Well, that kind of kills all the fun of blogging, don't it? I mean, anything you say, it will be, "oh you're a whiny progressive" or "but of course you'll still vote Obama" or "guess you think Bachmann will be better" or "we're doing the best we can". That we're stuck on this shallow, political system-defined interpretation is one of the sad signs of the times. Once upon a time, people left it up to political geeks to figure out strategies and manage campaign rallies, and just thought about their normal selfish or tribal needs. Just like once upon a time before internet investing, normal people worried about poverty and crime, not about how Wall Street is doing. Now we're all busy doing the bastards' job for them, figuring out how to keep them happy and in office and doing whatever the fuck they do when not screwing us.
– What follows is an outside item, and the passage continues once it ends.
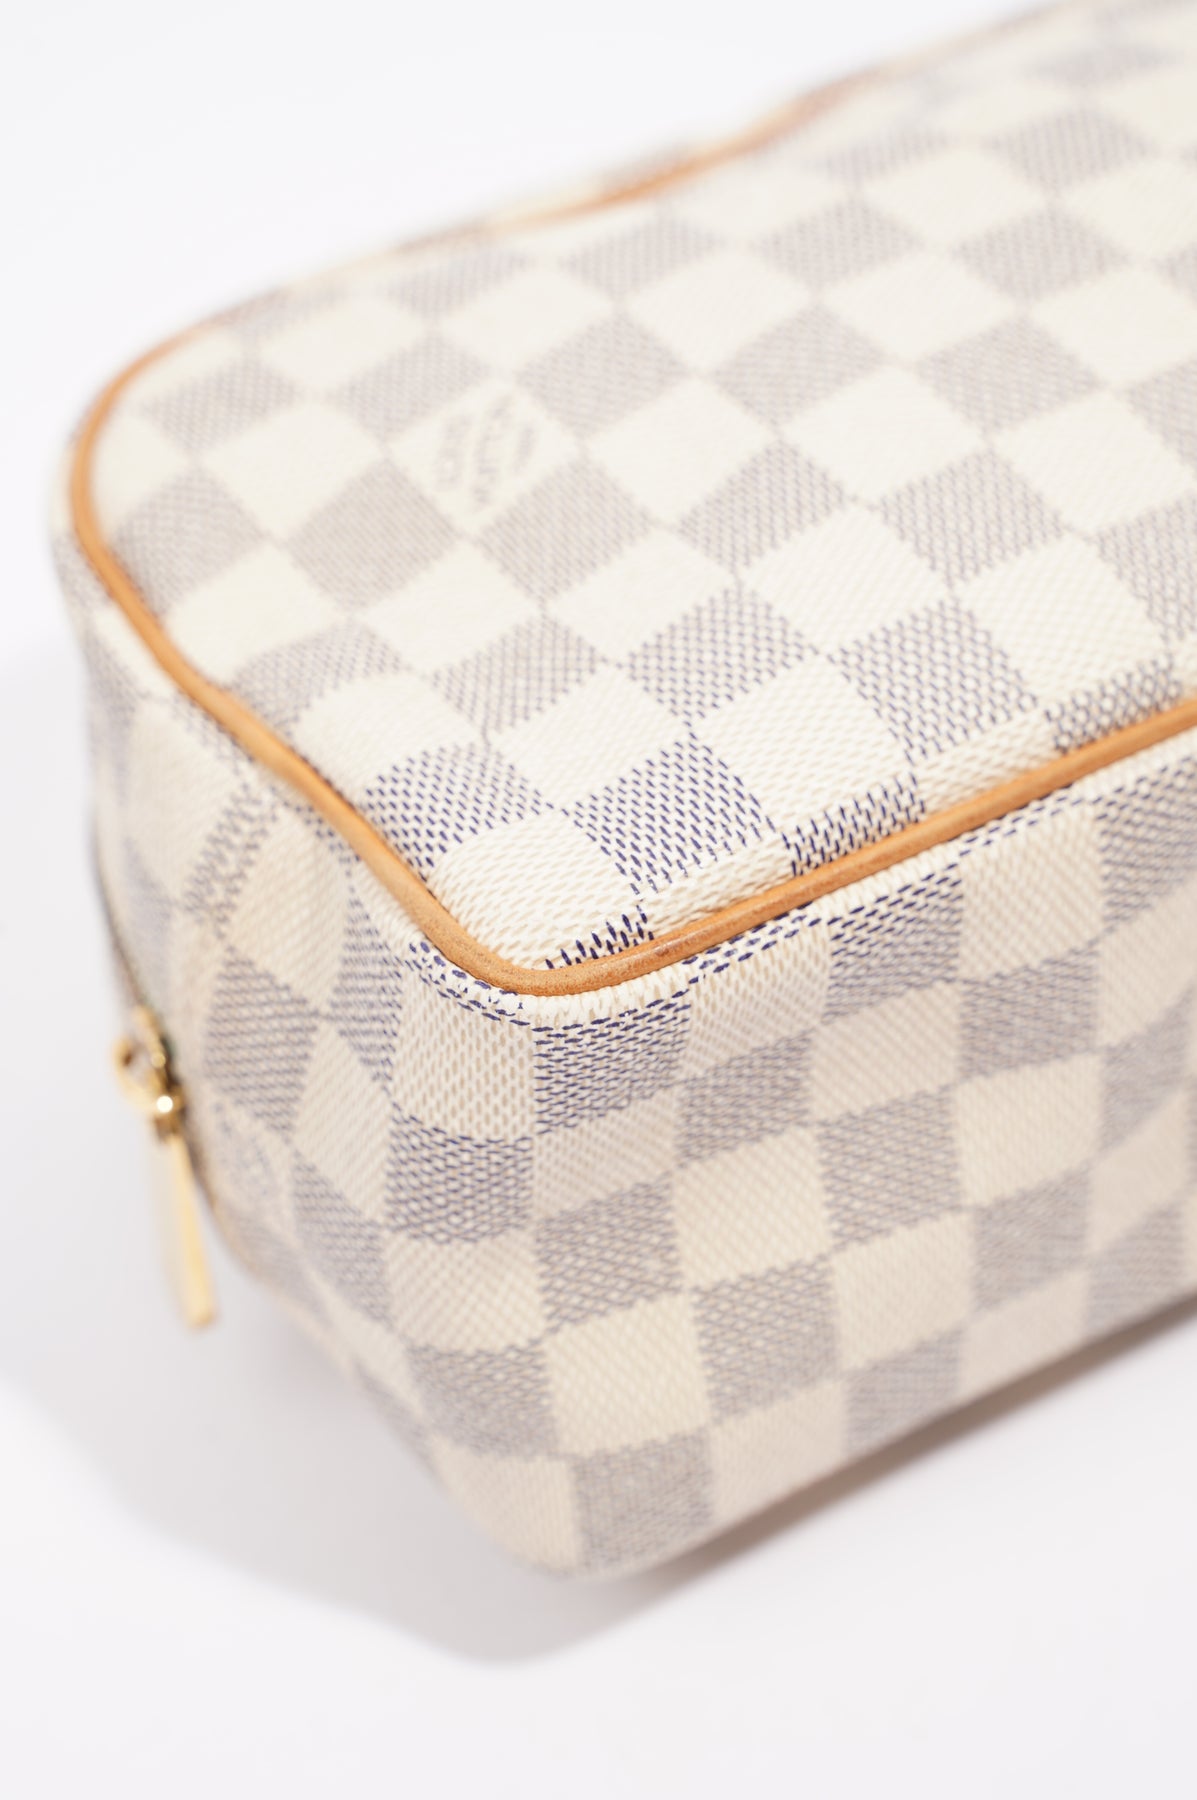 Toiletry Pouch On Chain Damier Azur - Women - Small Leather Goods

So hopefully this explains better why it sucks discussing process rather than issues over and over, why it's no fun to blog knowing it'll turn into a debate on something else irrelevant, why it makes me cringe to see 2 hours of writing wasted by the class clown showing up to shoot the same old spitball, and when I have my own diary frozen for comments while they go off emboldened to another hit-and-run, and why it would be better to take serious political issues deeper and deeper rather than playing smartass Fonzi in a bad remake of Sharks vs. The Jets but that it's not likely to happen anymore.
And no matter whether I order the Chicken sandwich or the other flavor, they're both starting to taste a lot alike.